Writing off bad debt

When you’re ready, you can write off the debt in QuickBooks so you don’t keep seeing that open invoice or statement.

Writing off debt for an invoice

  1. If necessary, create an account for Bad Debt
 in your Chart of Accounts. (Lists > Chart of Accounts.) Be sure to select Expense as the account type. In the Name field enter Bad Debt.
  2. Now, choose Customers > Receive Payments.
  3. Select the name of the customer who hasn’t paid you.
  4. Leave the amount field at 0.00.
  5. If you like, enter a memo at the bottom of the window that you’re writing off a bad debt. The memo appears in the customer’s register and prints on statements.
  6. Click the Payment column for the invoice that hasn’t been paid.
  7. Click the Discount Info button.
  8. In the window that drops down, enter the amount of the bad debt in the Discount field and the name of your bad debt expense account in the Discount Account field.
  9. Click OK to record the bad debt.

Writing off debt for statement charges

  1. If necessary, create an account for Bad Debt
 in your Chart of Accounts. (Lists > Chart of Accounts.) Be sure to select Expense as the account type. In the Name field enter Bad Debt.
  2. Create an Other Charge item called “To Record Bad Debt.” Use the Bad Debt account for this item.
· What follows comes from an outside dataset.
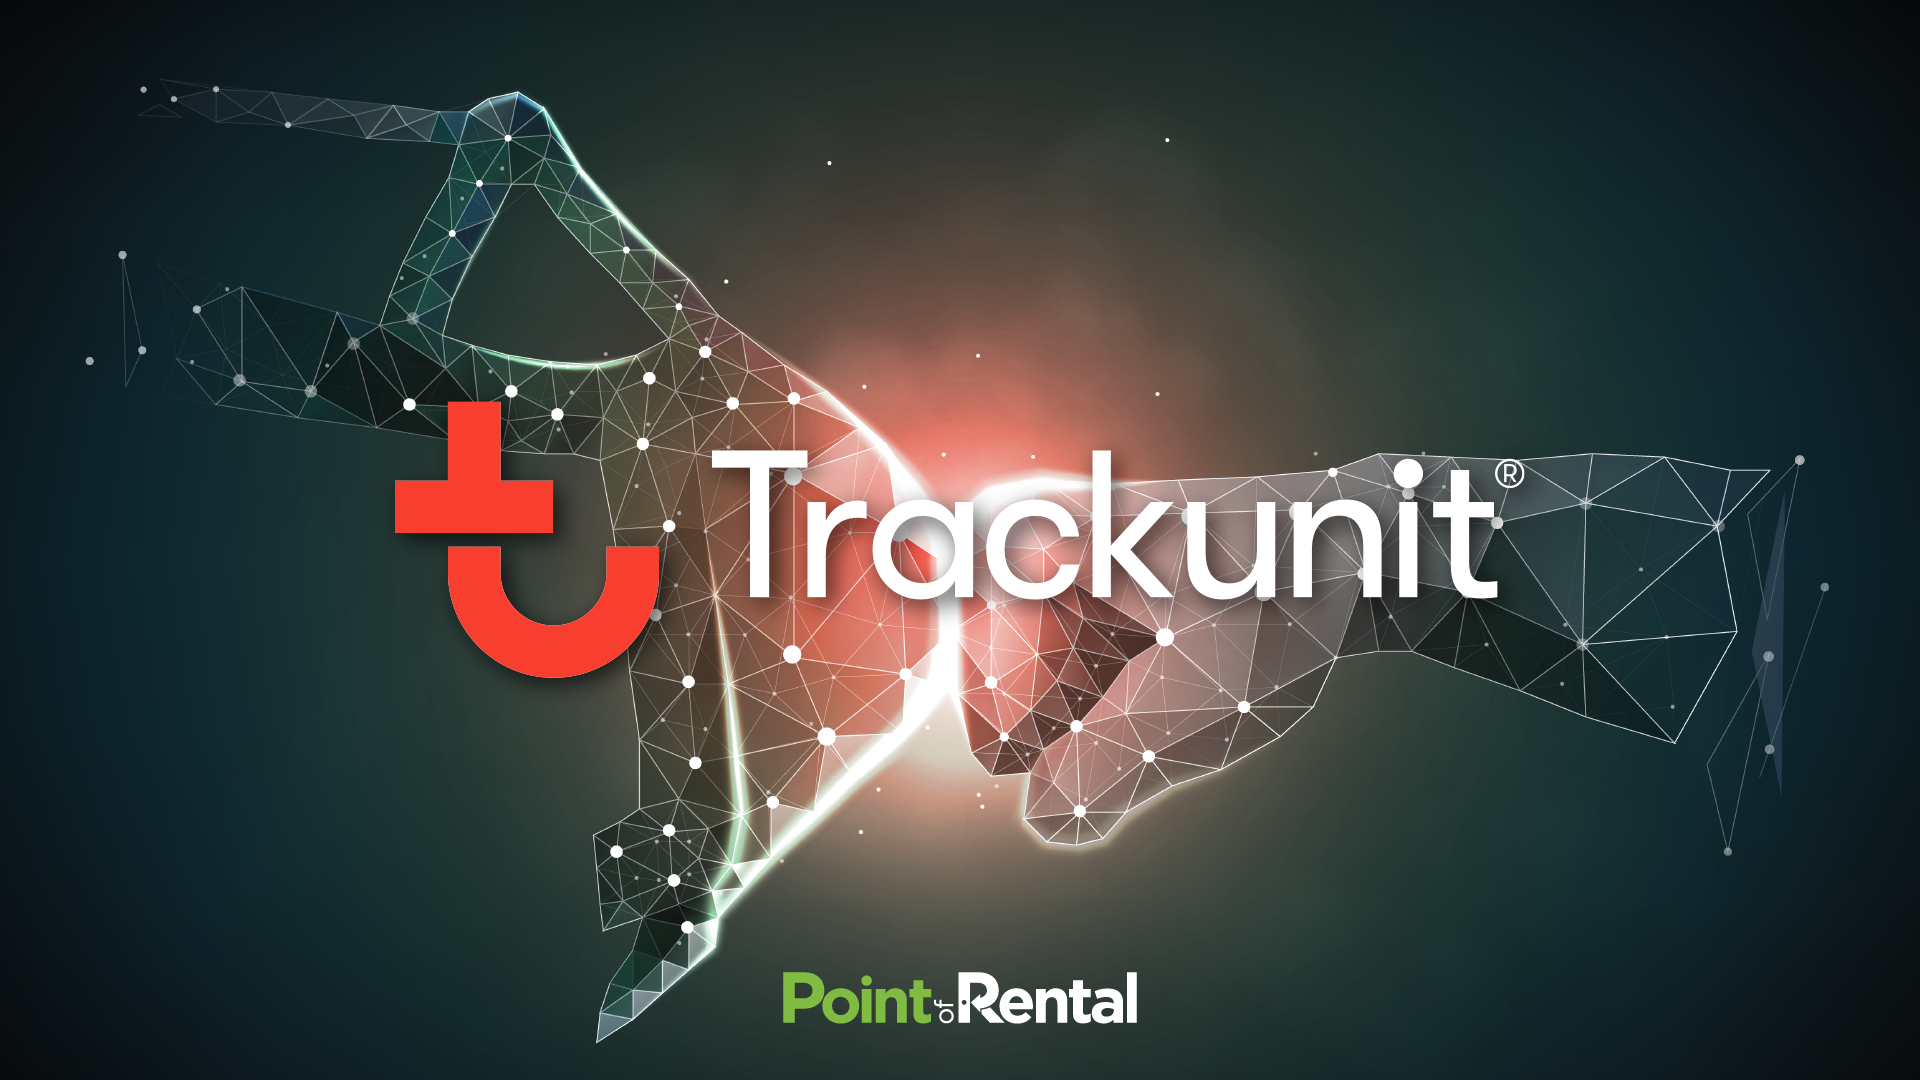 Trackunit and Point of Rental are partnering up to deliver new functionality.

You only need to do this once.
  3. Create a credit memo for the customer or job. (Customers > Create Credit Memos/Refunds) In the Item list, select the To Record Bad Debt item and enter the amount of the statement charge you want to record as a bad debt. Click OK to save the transaction.
  4. Now choose Customers > Receive Payments and choose the customer who has the bad debt.
  5. Leave the Amount field set to 0.00.
  6. You should see the Existing Credits for the amount of the credit memo you just created. Check the Apply Existing Credit check box.
  7. Click to place a check mark in the far-left column beside the statement charge you want to write off as a bad debt. If any other check marks appear, click to turn them off. The amount in the Payment column for the statement charge should match the amount of the credit.
  8. Click OK to save the transaction.

Final thoughts…

Now all your bad debts are associated with the Bad Debt account. You can use reports and the Account filter to see the transactions associated with that account. Or you can go to your Chart of Accounts and open the register for the Bad Debt account to see transitions associated with that account.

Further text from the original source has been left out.